The first-of-its-kind deal was hailed as “the basis for modern union” by the two parties and praised by the shadown chancellor and the TUC.
However, it was dimissed as a “cynical backroom deal” by the Independent Workers Union of Great Britain (IWGB), which represents gig economy workers. IWGB claimed GMB had “no record of organising couriers.”
As part of the agreement, Deliveroo and GMB will form a “Joint Partnership Council” under which drivers will engage in consultation and collective bargaining, with Deliveroo recognising GMB as sole trade union for its riders.
The partnership agreement is among the first between a trade union and a gig economy platform. The announcement follows a string of protests and strikes by Deliveroo riders over pay and working conditions.
“The partners have a mutual appreciation of the benefits of on-demand work for riders and both partners recognise that riders choose to work in the on-demand sector,” the agreement states.
“This agreement serves as the basis for modern union-platform partnerships fit for the 21st century.”
Deliveroo riders will not become GMB members automatically, but must sign up for membership. A Deliveroo spokesperson could not confirm what proportion of the Deliveroo workforce are currently GMB members.

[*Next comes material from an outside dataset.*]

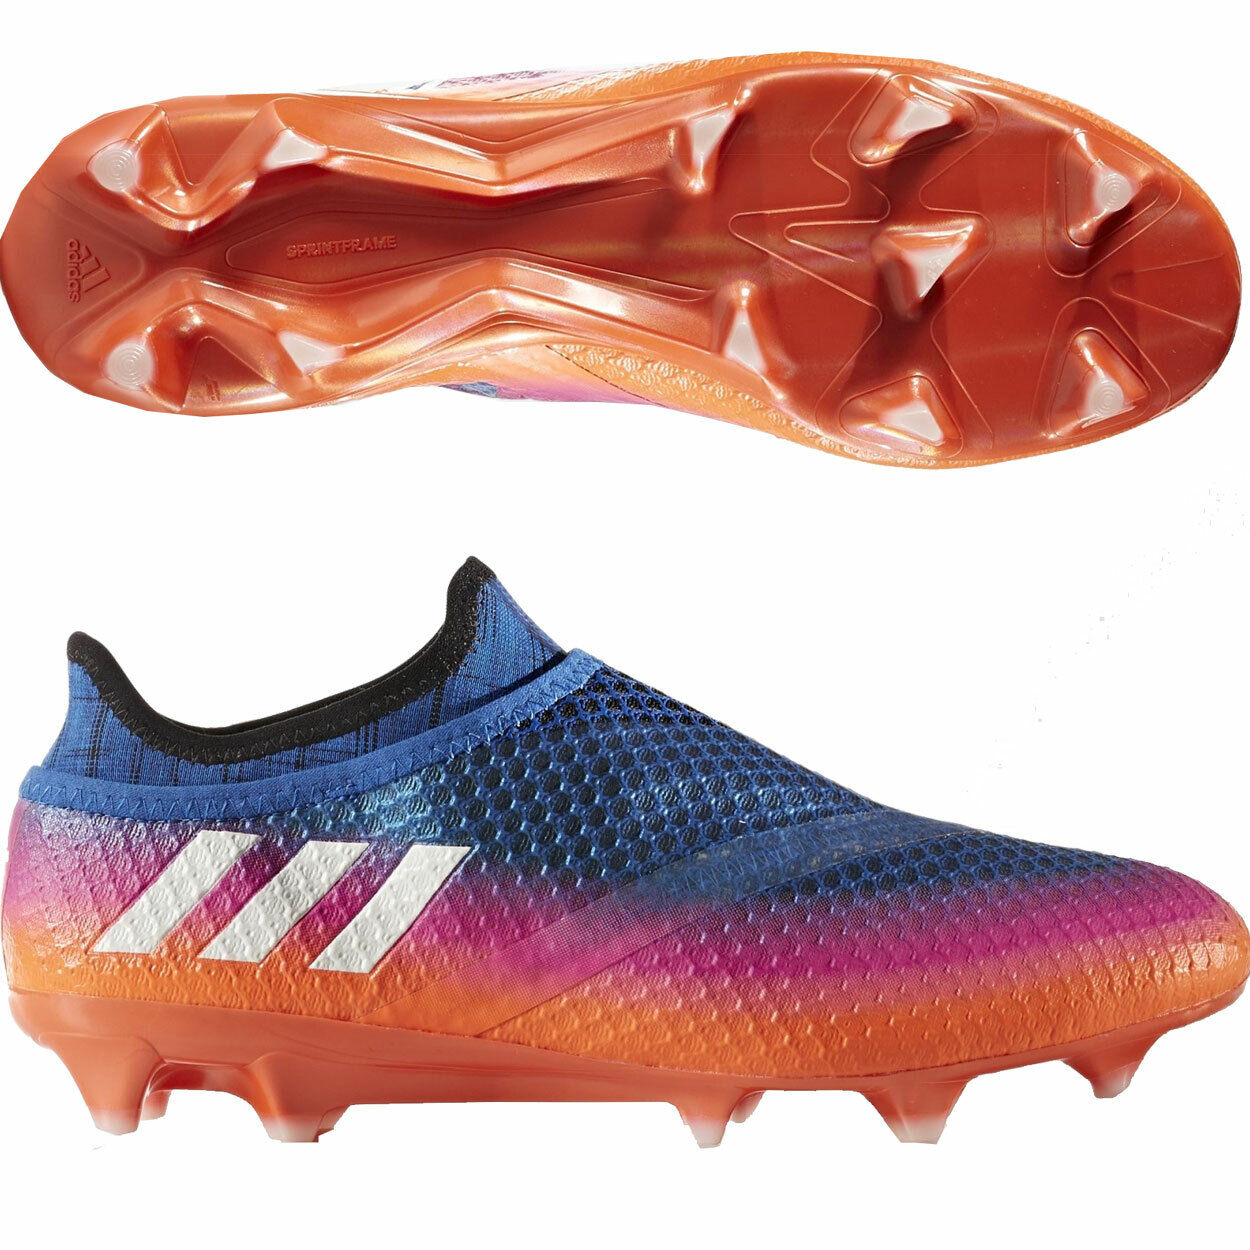 Adidas Messi 16 Pureability FG BB1871

Deliveroo founder Will Shu said: “This voluntary partnership is based on a shared commitment between the GMB and Deliveroo to rider welfare and wellbeing.
“Together, we are focusing on what matters most to riders.”

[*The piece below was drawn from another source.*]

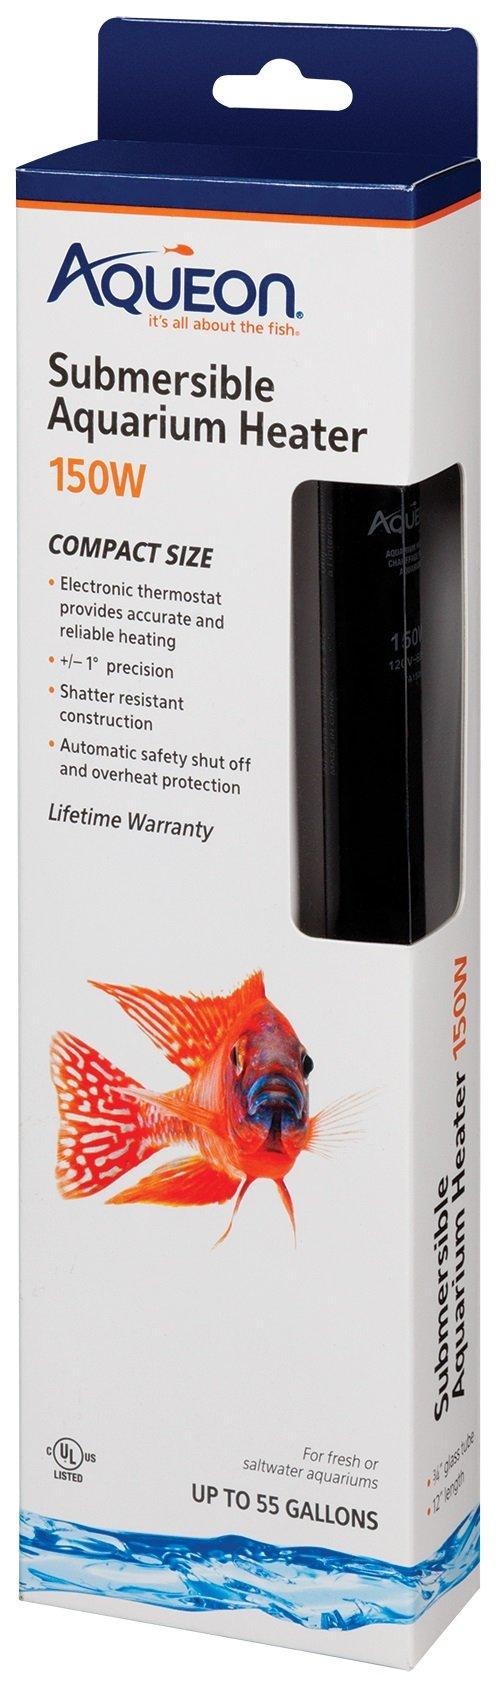 Aqueon Submersible Aquarium Heater 150 Watt

The agreement does not rule out the possibility of further strikes and states that “from time to time there may be legitimate differences in interests and priorities.”
IWGB hit out at the agreement, accusing Deliveroo of having “cynically made a backroom deal with a union that has no record of organising couriers and presents no threat to its exploitative business practices.”

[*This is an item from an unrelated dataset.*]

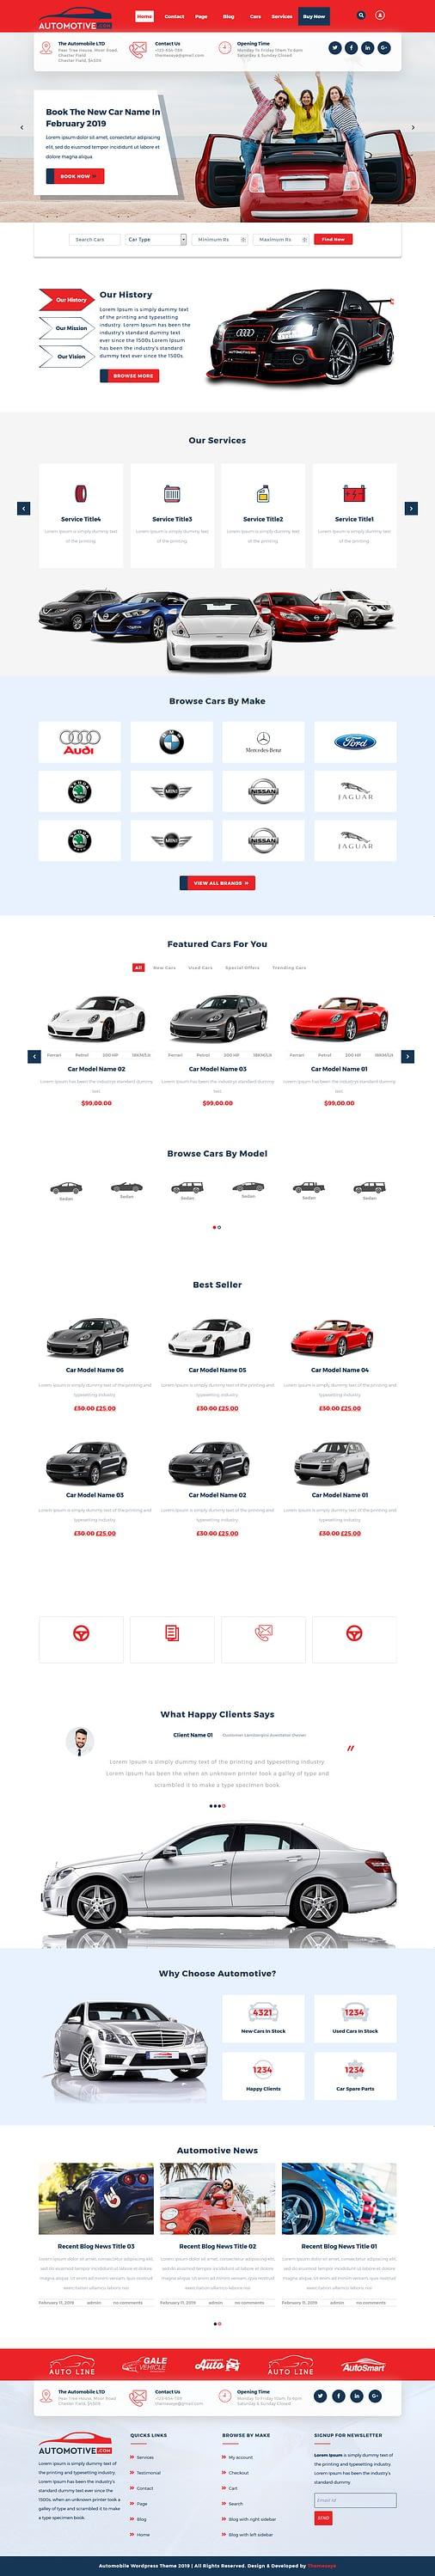 Sayara Automotive - Best Free Automobile WordPress Theme

“Deliveroo is seeking to undermine the efforts of couriers pursuing their rights through the courts and fighting to improve their working lives,” IWGB said in a statement.
IWGB has been active in organising Deliveroo riders and last year bought a court case arguing for more worker rights. It lost.
TUC general secretary Frances O’Grady said the deal would “give Deliveroo riders a real voice at work” and called it a sign that unions were “starting to win the fight against insecure work.”
Shadow Chancello Rachel Reeves called the agreement “ground-breaking”.
In March last year, GMB won a case against Uber at the Supreme Court, in which the court ruled its drivers are not self-employed and must be treated as workers.
Uber subsequently struck a deal with GMB in which it would become a recognised union for drivers.